When competing for the possession of territories, males with higher fighting capacity (RHP – resource holding potential) are expected to have an advantage to win disputes (Maynard Smith and Parker 1976, Enquist and Leimar 1983, Haccou and Glaizot 2002). Among insects, weight and size are two of the most frequently characteristics related to the adoption of different male mate-locating tactics (Alcock et al. 1978, Kemp and Wiklund 2001, Córdoba-Aguilar and Cordero-Rivera 2005). However, a great puzzle is to functionally link these traits to their role in resolving disputes. For example, if coercion is important to decide the winner of a dispute, weight and size should confer a direct advantage in subduing rivals and consequently may be directly related to RHP. Alternatively, in species that rely on physiological conditions to settle disputes, weight and size should be associated with RHP only if greater males possess higher muscle mass, are able to store more energy reserves or sustain less parasitic load (Córdoba-Aguilar and Cordero-Rivera 2005, Serrano-Menezes et al. 2007).

If the nonterritorial tactics are adopted as less profitable alternatives by weaker males when there is intense competition for the available mating areas, the proportion of nonterritorial males should be a direct function of the number of individuals competing for the available sites (Alcock and O’Neill 1986, Cordero 1999). Also, morphological or physiological differences among males with distinct matelocating tactics should be stronger when the competition is more intense. In this sense, if the territorial defence provides higher mating success, all individuals should adopt this tactic during periods of low male abundance when there must be a high availability of suitable sites to territorial defence per male. However, at higher male densities, the availability of defensible areas may limit the number of territorial males and lead to the appearance of nonterritorial individuals (Forsyth and Montgomerie 1987, Cordero 1999).

Among odonates, and especially in the family Calopterygidae, the occurrence of mating systems with territorial defence and the presence of nonterritorial males is very common (Córdoba-Aguilar and Cordero-Rivera 2005). Nevertheless, detailed behavioural studies are concentrated on temperate species and poorly are known about the tropical ones. Temperate and tropical species are subject to different climatic regimes that may confer different selective pressures. Consequently, the study of tropical species can potentially add balance to the general picture of selective forces that shape reproductive systems in this group of insects.
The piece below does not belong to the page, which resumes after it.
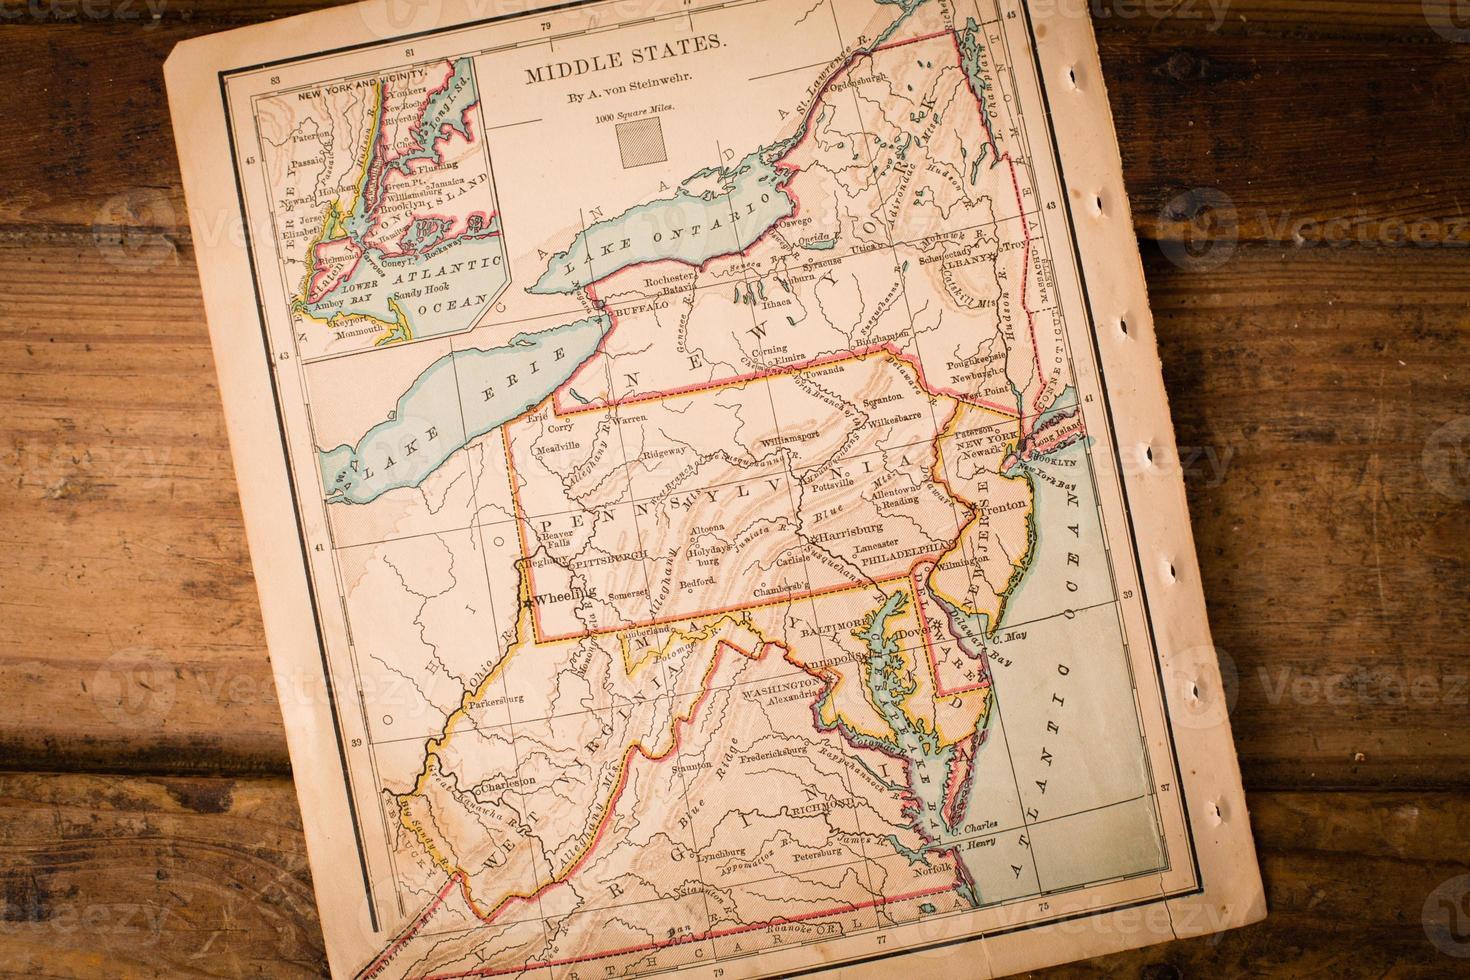 ancienne carte des États du milieu, assis à angle sur tronc de bois photo

Hetaerina rosea (Selys 1873) is a tropical damselfly species predominantly found on streams and is especially abundant in degraded rivers of viçosa, MG, Brazil (Peruquetti and De Marco 2002, De Marco and Peixoto 2004). Males of this species show two main behaviours of mate acquisition: some individuals are repeatedly found defending a specific point in the stream margins (resident males), while others move continuously between territories without establishing on any specific site (nonterritorial males – Peixoto and De Marco, unpublished data). To our knowledge, there are no previous behavioural studies on H. rosea and attempts to clarify the causes related to differences between nonterritorial and resident males are nonexistent.
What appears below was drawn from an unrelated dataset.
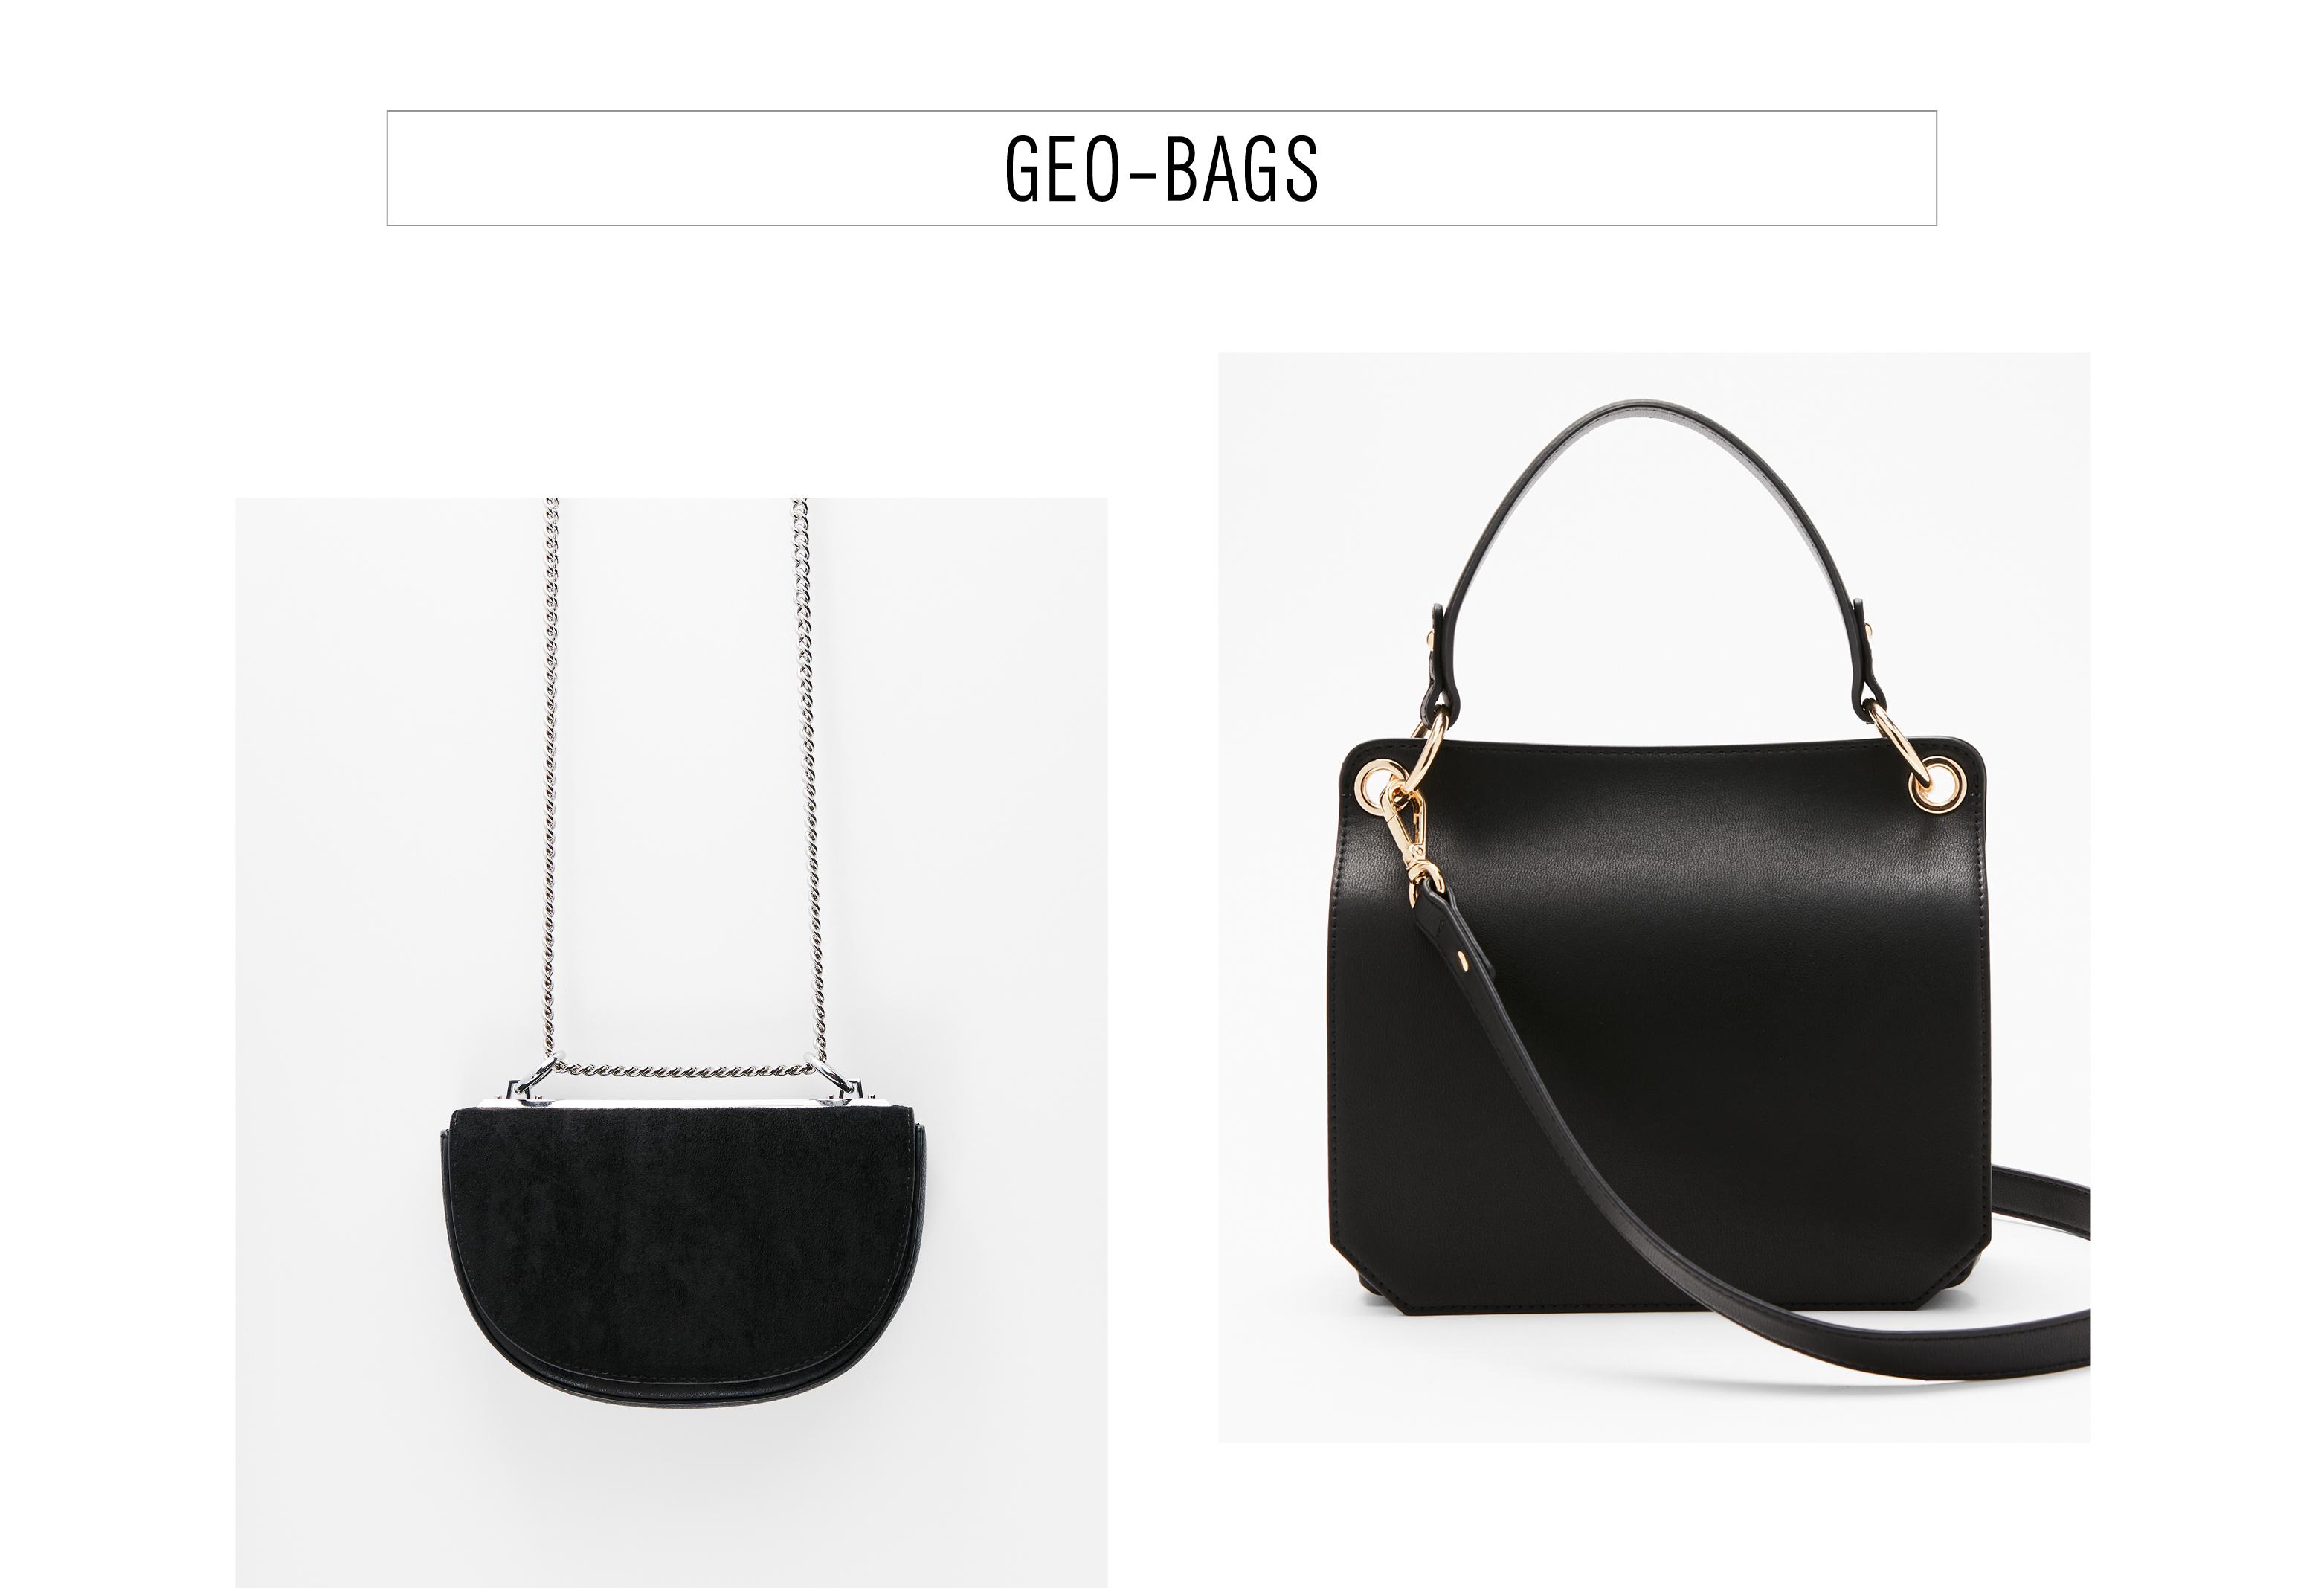 womens-geo-bags

Here we attempted to describe some basic aspects of male mating behaviours in H. rosea and to investigate the influence of body weight and male abundance on the adoption of different mate-locating tactics by males. Specifically, we expect that, if the number of territories is fixed and the territorial defence increases male mating success, the proportion of nonterritorial males will be higher during periods of high male abundance. Additionally, if greater weight is associated with higher RHP, heavier males are expected to adopt the territorial tactic while lighter males will be forced to adopt the nonterritorial alternative.

Materials and methods

Study area: We performed this work on São Bartolomeu stream, a river with one to three meters width that crosses a small urban area at Viçosa, MG, Brazil. The region has a CWb climate in Köppen classification, showing a decline in soil water content between May and September and excess between December and March (Golfari 1975). The mean annual precipitation is 1450 mm, relative air moisture around 80% and mean annual temperature ranging from 14ºC to 26.1ºC (Valverde 1958).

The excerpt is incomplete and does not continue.